あの夜に、あわよくば聞き出そうと考えていたが予想外の反撃と逃走、さらには傀儡にしきれなかった男の暴走によって危うく失ってしまうところだった。影を通じてかろうじて急所を外せたからよかったものの、簡単に殺してしまうなどあり得ない。
やはり人を使ってどうこうしようとしたのがまずかったのか。人相手には有効だと学んでいたためにそうしたのだが、本来の魔の者の性分としてはまどろっこしい。格上相手に挑むには必要なのだろうが、所詮は使い魔などに身を落とした存在。しかも魔人のように飼うのではなく飼われている様子。
ならば何を恐れることがあるだろうか。偶然とはいえ、影をはねのけられた。能力に制限をかけられているのか、本来の力を発揮できていないようだった。ならば、直接仕掛けたとしてもあるいは行けるのではないか。

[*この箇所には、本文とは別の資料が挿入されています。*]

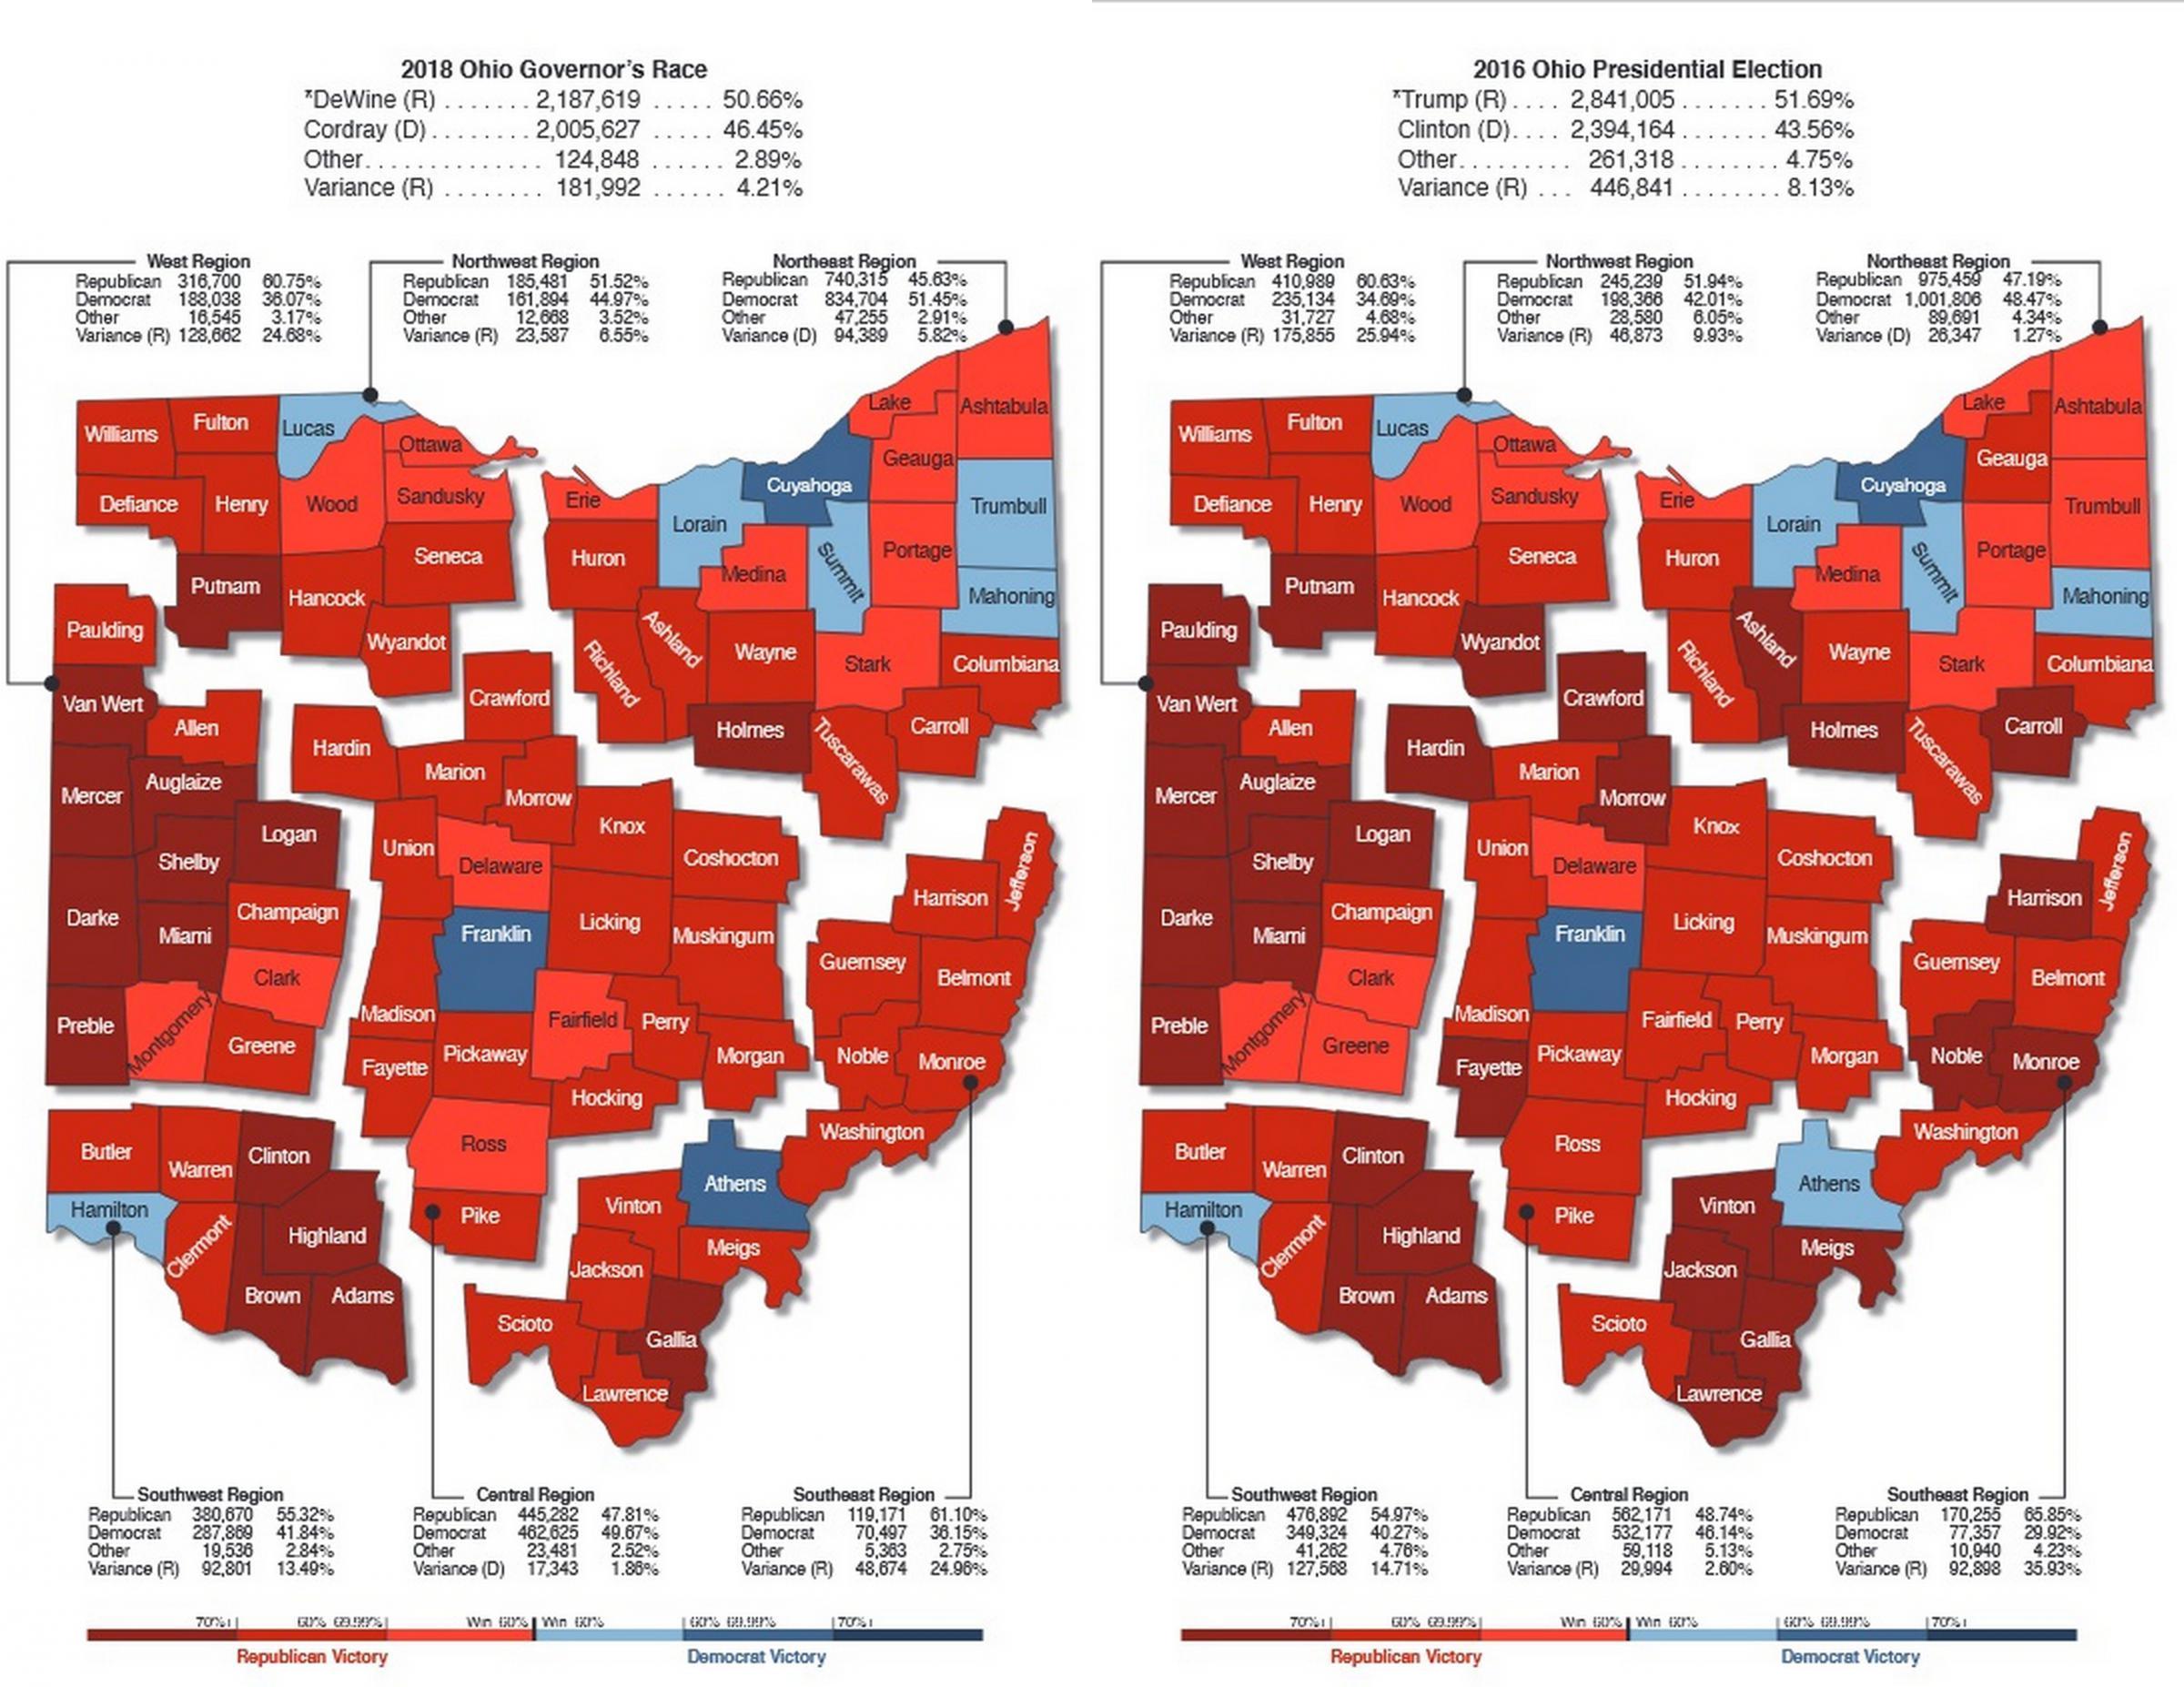 Ohio's 2018 Election Results Look A Lot Like Trump's 2016 Results

体は決められた行動を行いながら、心の中ではどうやって糧を得ようかという妄想に憑りつかれていた。
魔人は忘れていた。いや、もはや冷静に考えることなどできなくなっていたのか。自身がつけ狙う少年に関わったことにより、その関係者達によって下僕と呼んでいた男が破滅したことを。

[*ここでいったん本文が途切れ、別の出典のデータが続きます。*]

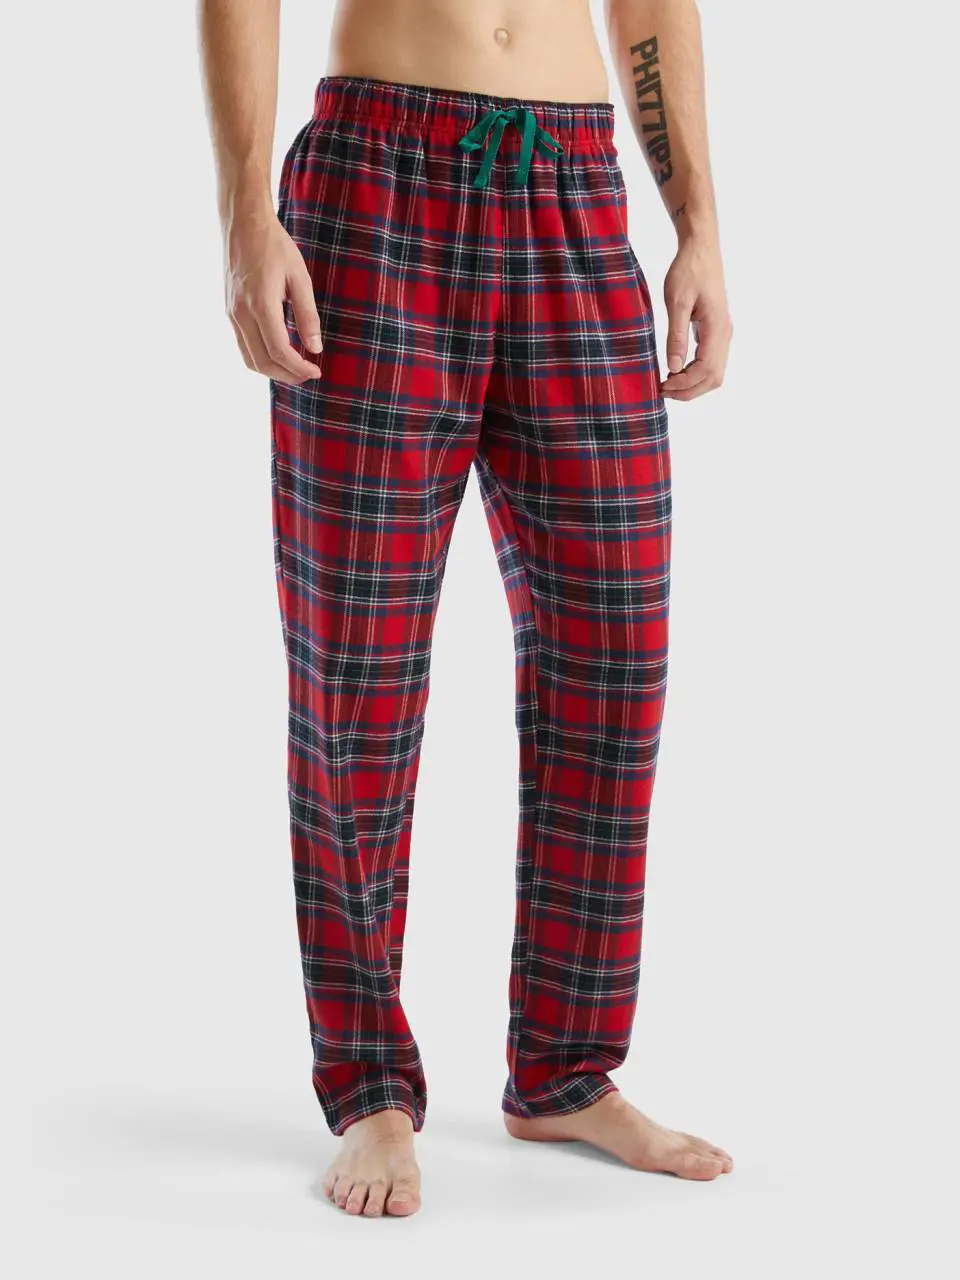 Benetton red and blue tartan trousers. 1

魔の者において、格とは決して超えることのできない壁を意味しているということを。魔人の存在を知ってより、その格上の相手が最大限の警戒を払いながら、その身を囮としてさらしながら彼らが王宮に出入りしているということを。
彼女の思い描く未来など、決して実現などしないのだということを。飢餓と死の影にさらされた魔人は、最後まで気付くことなく、踏み出してはならない一歩を踏み出した。